- [Given material]:
● ● ●
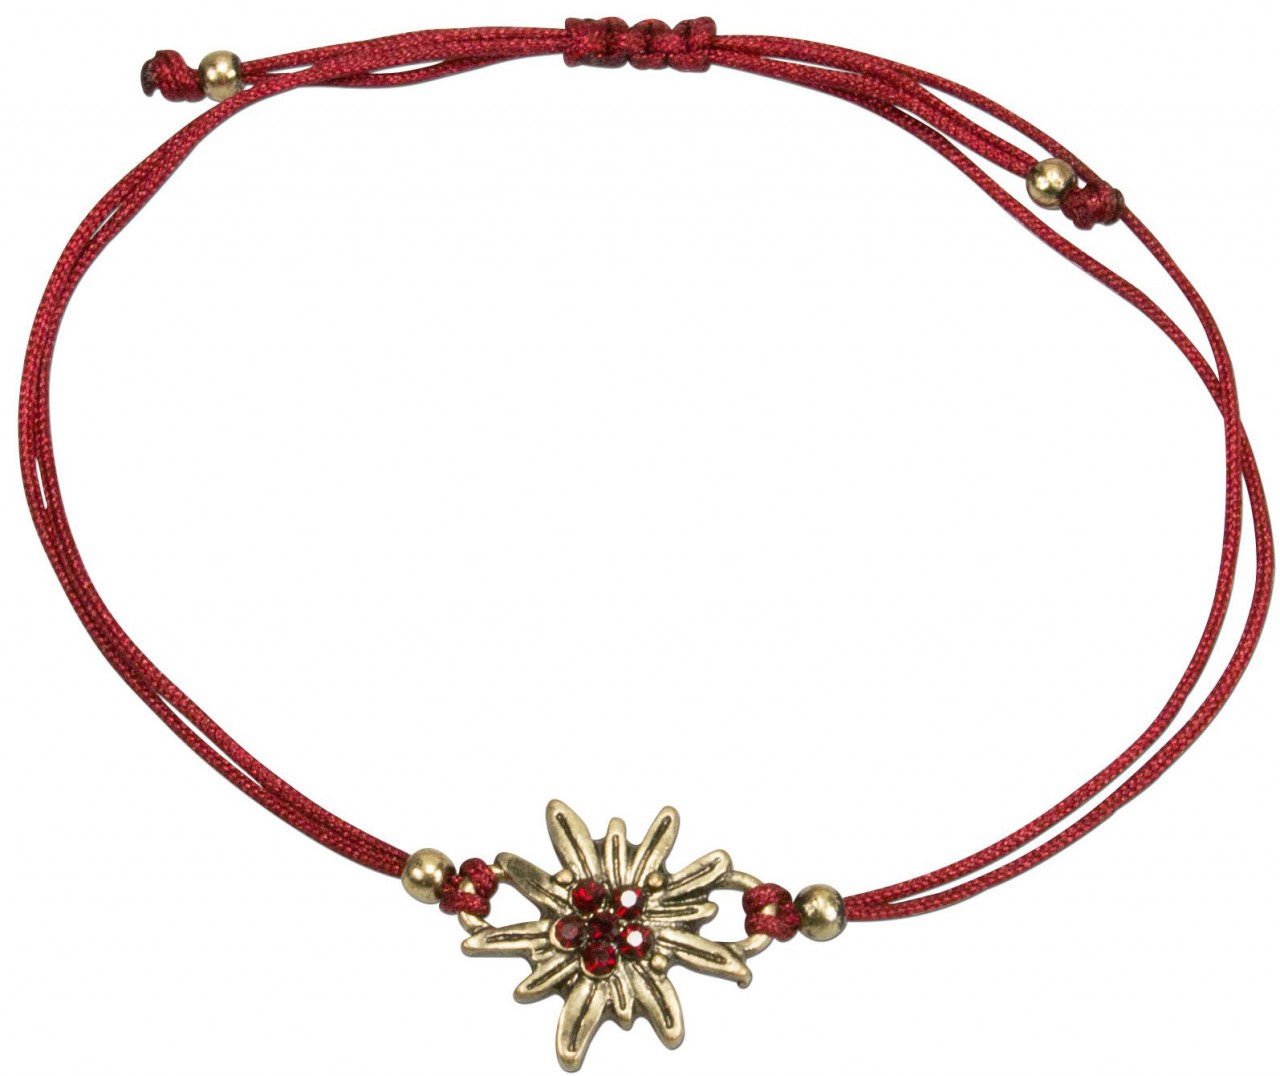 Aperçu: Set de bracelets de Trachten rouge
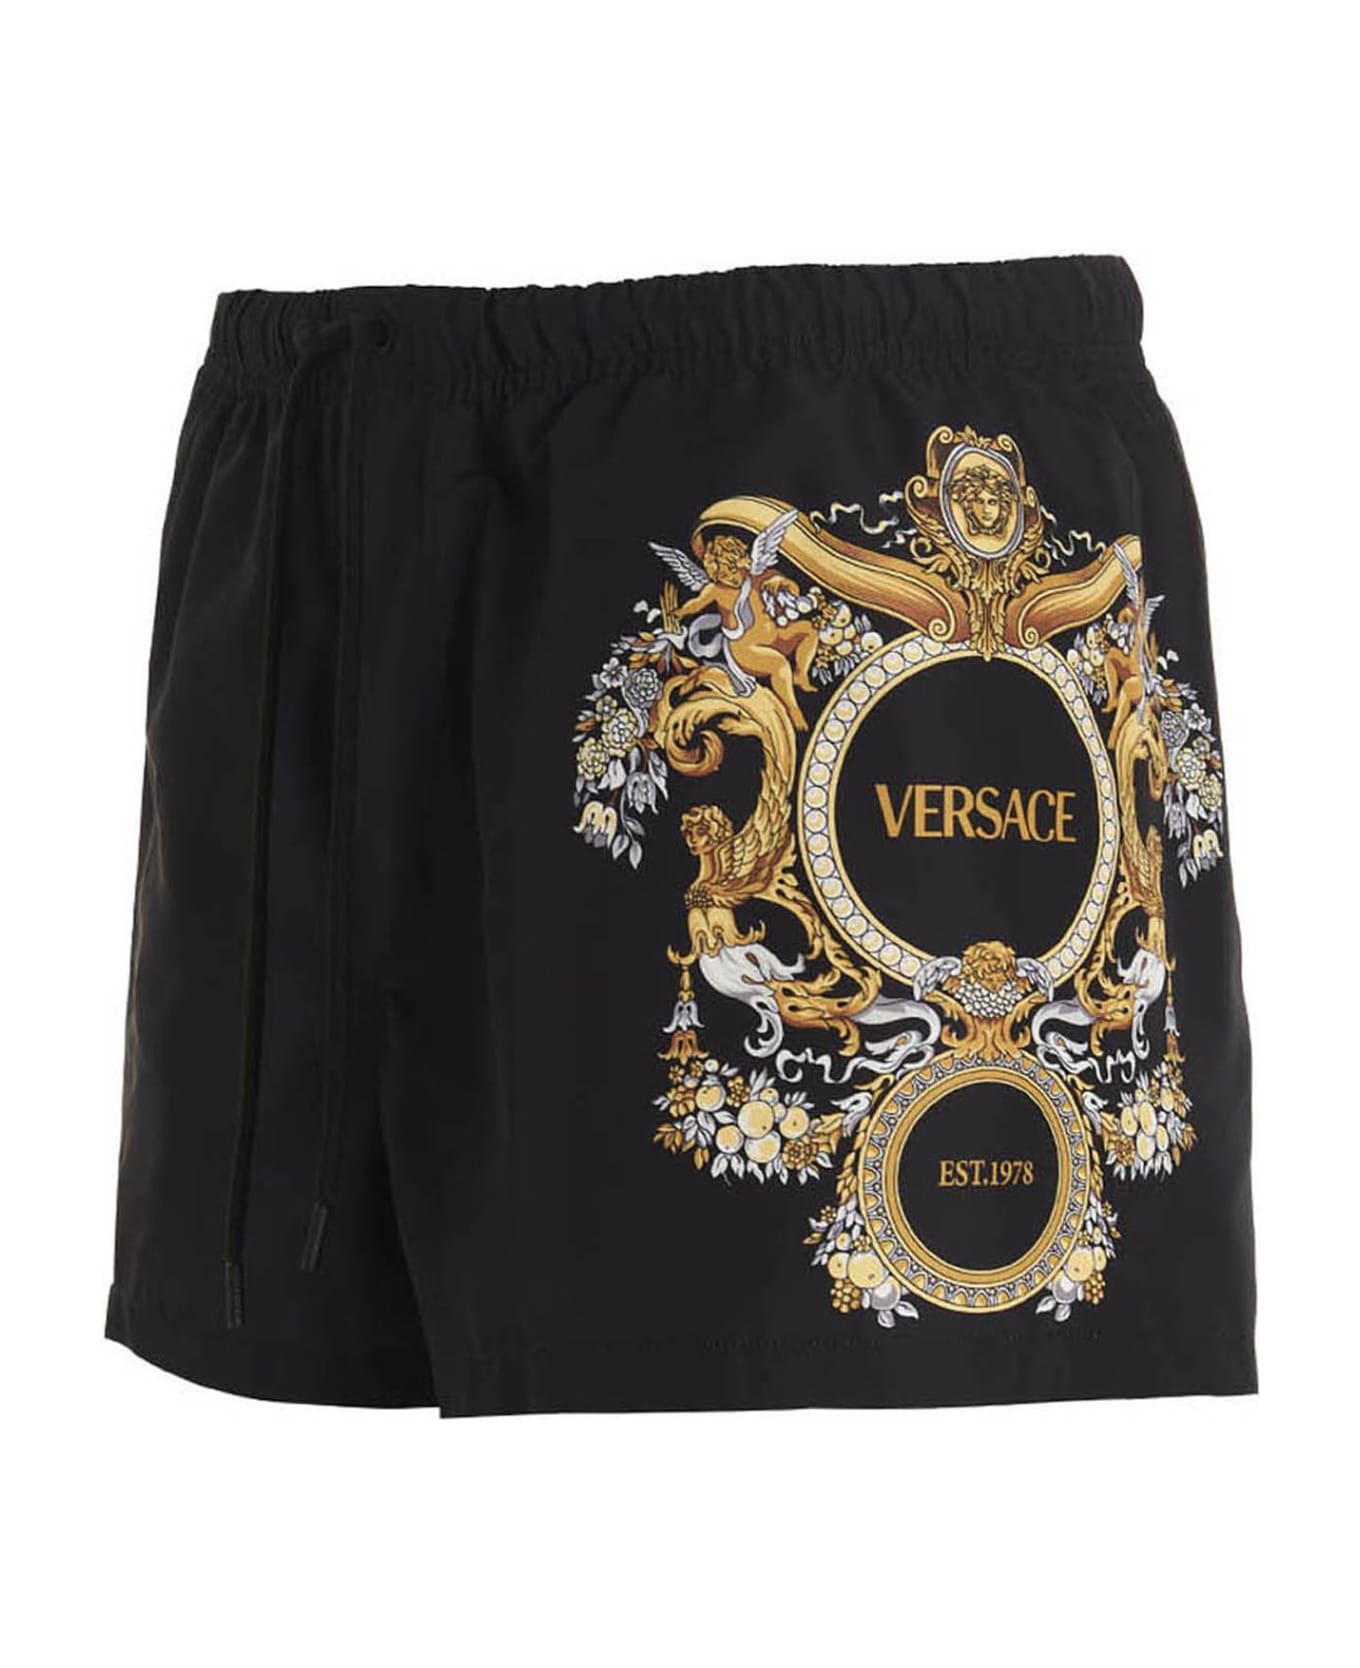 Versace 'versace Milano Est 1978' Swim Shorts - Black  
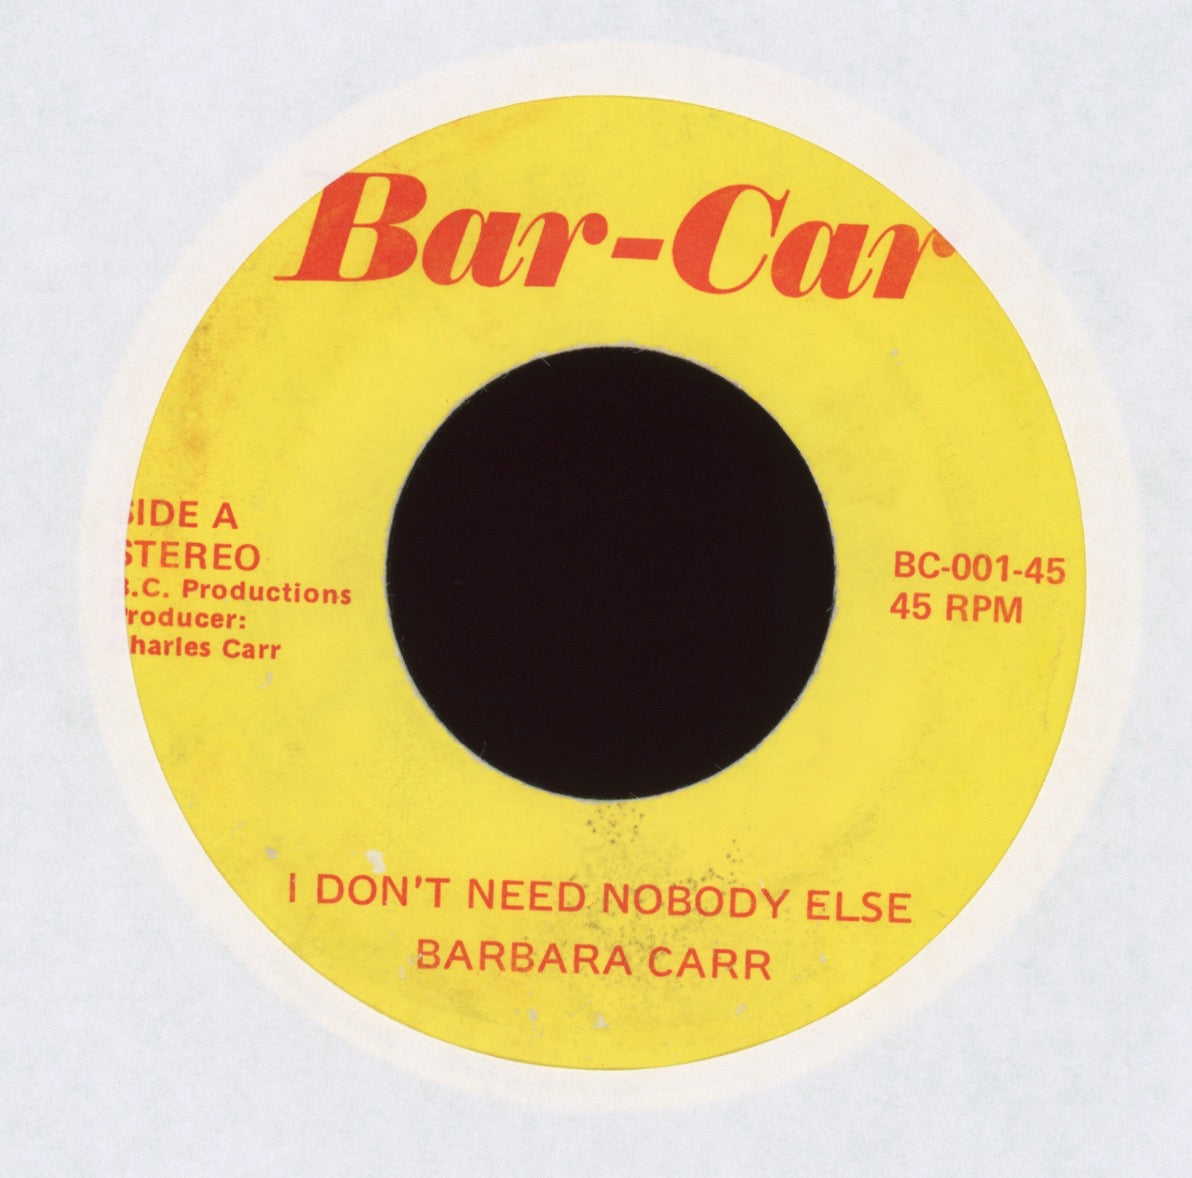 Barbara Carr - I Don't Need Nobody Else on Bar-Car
● ● ●
- [Task item]: Through to the final line, copy the material above exactly and skip the images.

- [Written response]:
 Aperçu: Set de bracelets de Trachten rouge
 Versace 'versace Milano Est 1978' Swim Shorts - Black  
 Barbara Carr - I Don't Need Nobody Else on Bar-Car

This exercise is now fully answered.